Andre Aciman, originally Egyptian, and Italian, French, and New Yorker depending on the occasion, is the founder and director of The Writers’ Institute and Distinguished Professor and Chair at the CUNY Graduate Center’s Program in Comparative Literature. He is also the acclaimed writer of the memoir Out of Egypt and novels Call Me By Your Name, Eight White Nights, and most recently, Harvard Square.

Aleksander Hemon is the highly acclaimed Bosnian-American fiction writer of Love and Obstacles: Stories, The Lazarus Project: A Novel (a finalist for the National Book Award and the National Book Critics Circle Awards, and named a New York Times Notable Book), Nowhere Man (also a finalist for the National Book Critics Circle Award), The Question of Bruno: Stories, and most recently The Book of My Lives, his first collection of non-fiction essays, many of which have appeared previously in The New Yorker.

The two writers drew from their extraordinary lives as exiles, immigrants, and writers who translate the experience of multiple belongings and the question of home through their work, and discussed how immigrants find themselves in America. Hemon, articulate, personable, and completely without pretension, spoke to the immigrant need to draw comparisons between him/herself and “America” in order to find legitimacy. He shared generously of his own stories and those of his family, telling how Miles Davis was instrumental in his discovering American soul, how finding true friendship and community is fundamental to threading oneself into the geography of place, and how his daughter taught him how we create our own stories to explain ourselves into the world.
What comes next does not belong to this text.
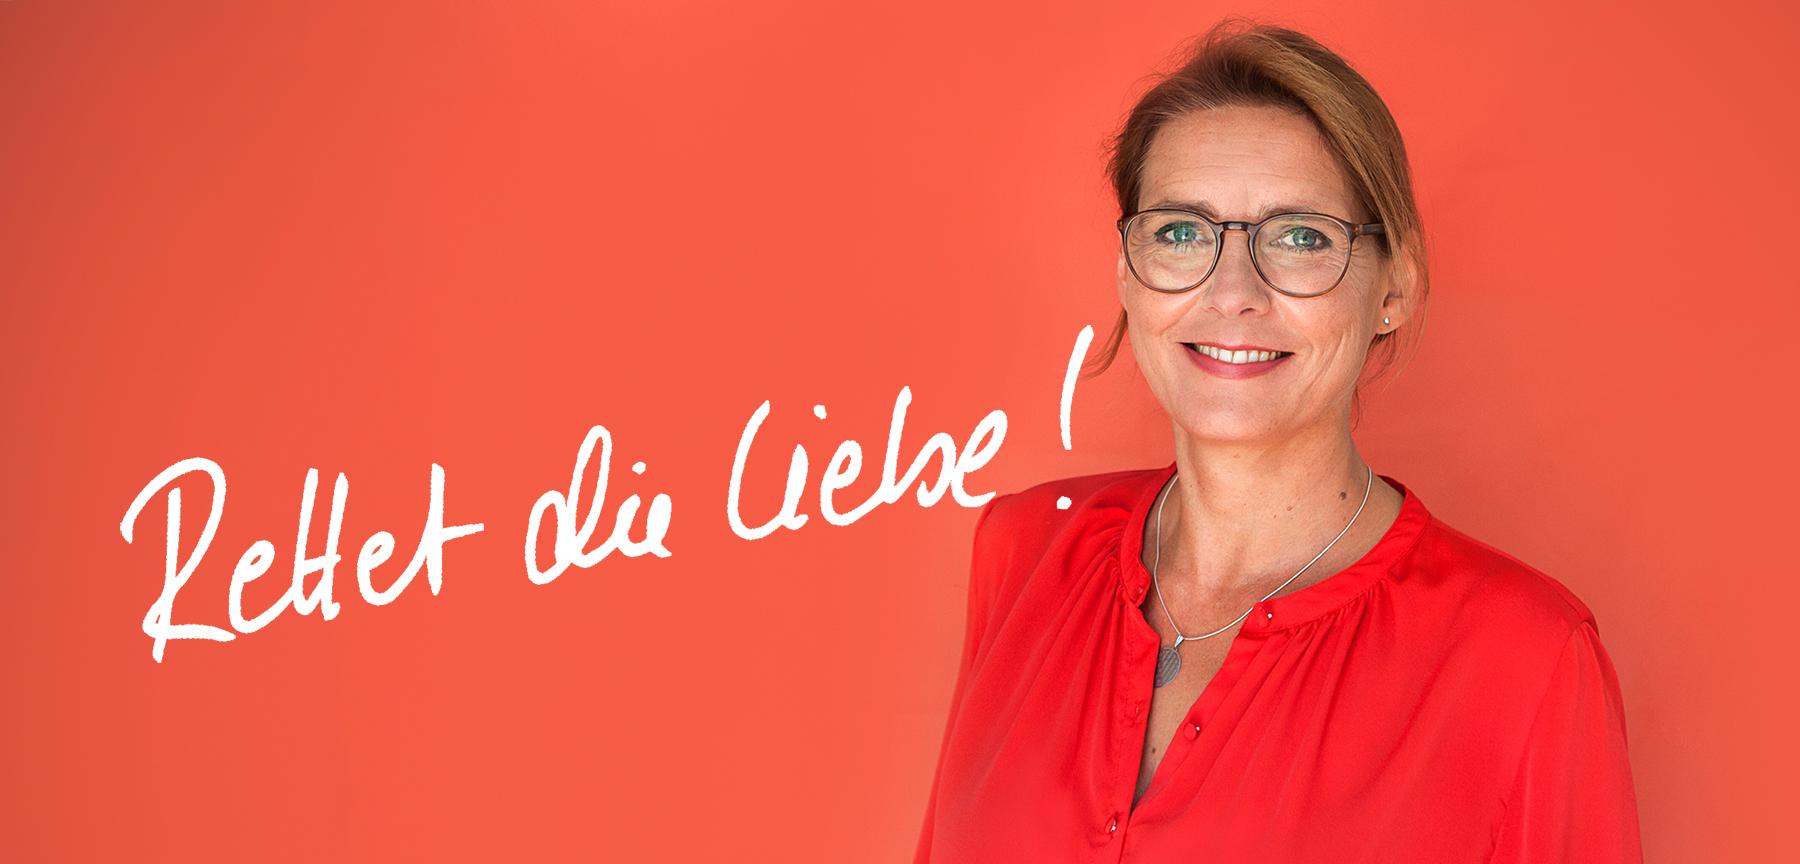 Paarberatung Liebe Hamburg Psychologische Beratung
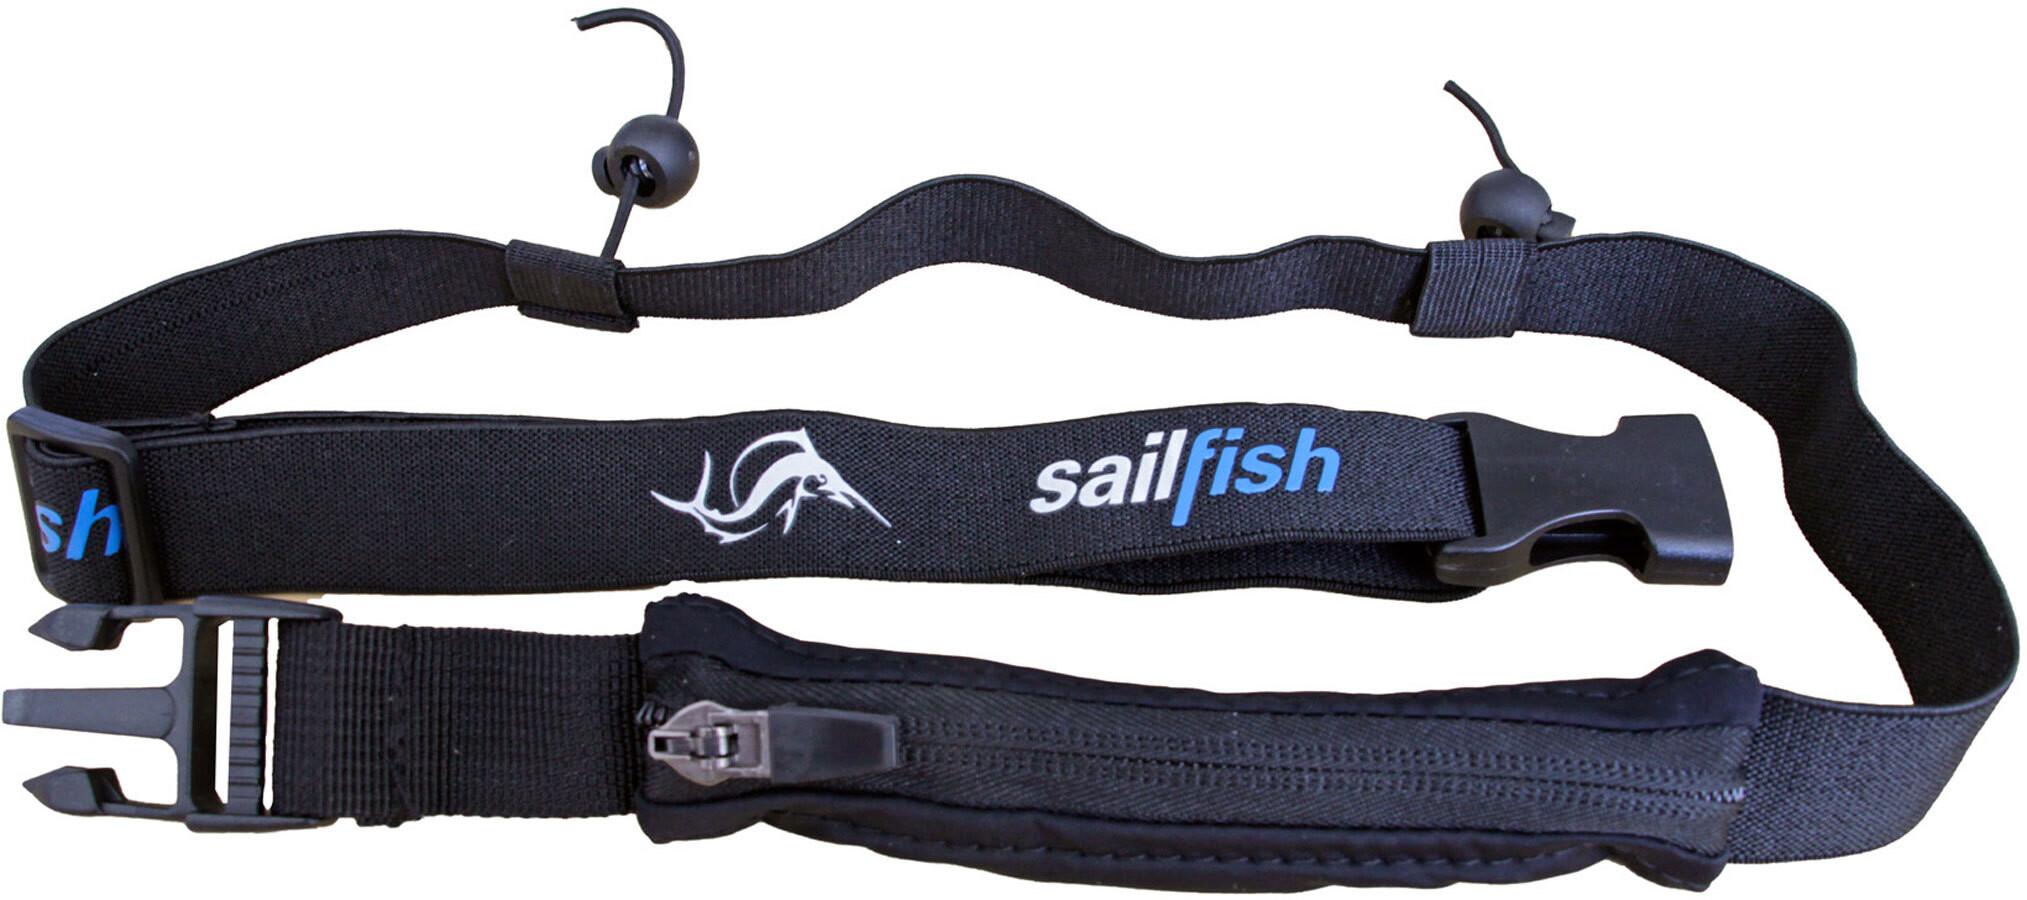 sailfish Racenumberbelt Pocket, black (2019)   misc_clothes

Sharing anecdotes from life in Sarajevo, Chicago, and New York, and openly answering the questions of participants, Hemon provided a refreshing take on the immigrant or exiled experience and what it means to write oneself into both identity and place.

Both Aciman and Hemon come from multinational and multi-linguistic backgrounds that provide them with unique and often startling insights into the world and mind. Andre Aciman’s Harvard Square and Aleksander Hemon’s The Book of My Lives are both available in stores now.